Write-intense scenarios, like recording two 1080P video streams at 30 frames per second simultaneously, place a significant load on the SD card. Without proper tuning, most systems will not be able to write the data fast enough to keep up with the incoming video stream.

Solution

The solution involves using an EXT4 file system for your high-speed SD card, along with optimizing this filesystem parameters to tune for a better write performance. Additionally, depending on your application (or GStreamer pipeline, if using GStreamer), you may be required to tune the kernel's virtual memory (vm) subsystem. The goal is to average out the CPU load reducing spikes caused by improper resource allocation. A common issue is the pdflush daemon waking up to flush the cached write data to the SD card, which can cause a system stall, dropped frames, and worse if the CPU load spike to significant.

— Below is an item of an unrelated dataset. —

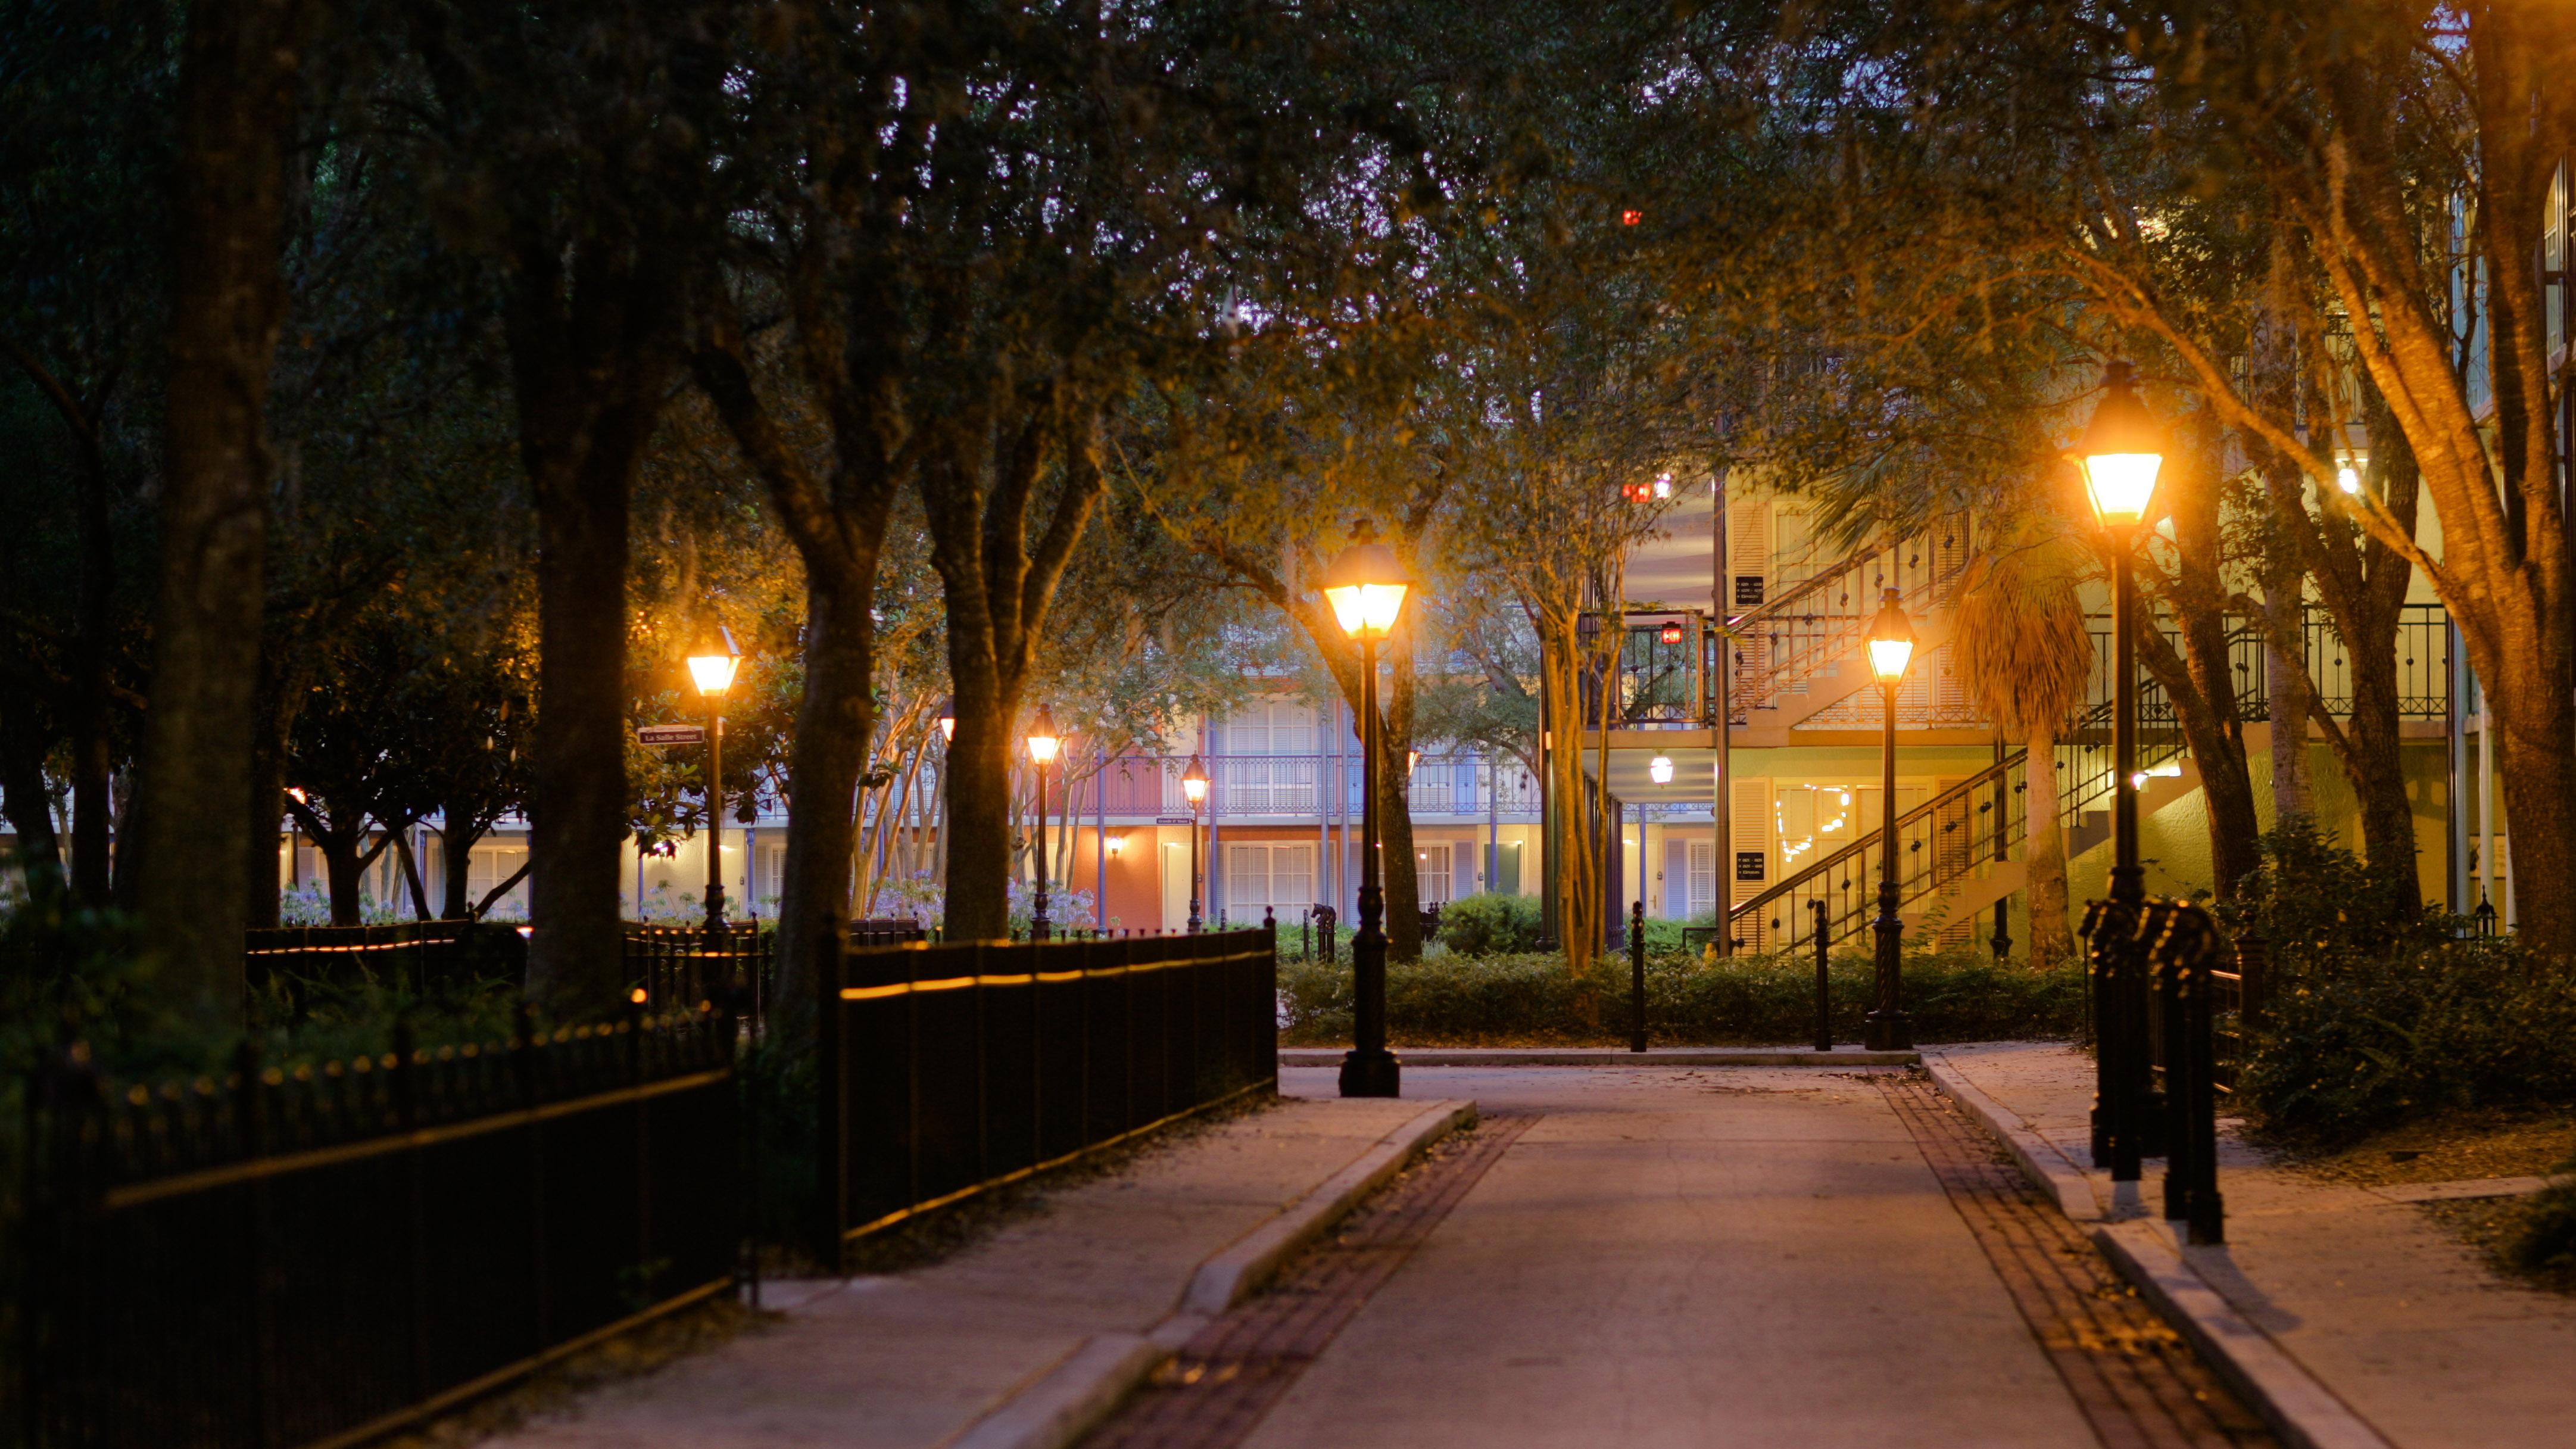 PO_French_Quarter_nightwalkway

Enable EXT4 support in the kernel

Kernel Configuration:

File Systems ->
  <*> The Extended 4 (ext4) filesystem
    [*] Ext4 extended attributes
    [*]  Ext4 POSIX Access Control Lists
    [*]  Ext4 Security Labels
Enable the block layer
  [*] Support for large (2TB+) block devices and files

These are the resulting CONFIGs that should be set:

CONFIG_EXT4_FS=y
CONFIG_EXT4_FS_XATTR=y
CONFIG_EXT4_FS_POSIX_ACL=y
CONFIG_EXT4_FS_SECURITY=y
...
CONFIG_LBDAF=y

Prepare your SD card with an optimized EXT4 filesystem

Create the EXT4 partition

There are many tools to prepare an EXT4 partition in your SD card. We recommend gparted.

sudo gparted

See Figure 1 for an example setup of a new EXT4 partition in an 8 GB SD card using gparted. In this example, the SD card was assigned the device node /dev/sdb, and the new partition will be mapped to /dev/sdb1. This could be different in your computer.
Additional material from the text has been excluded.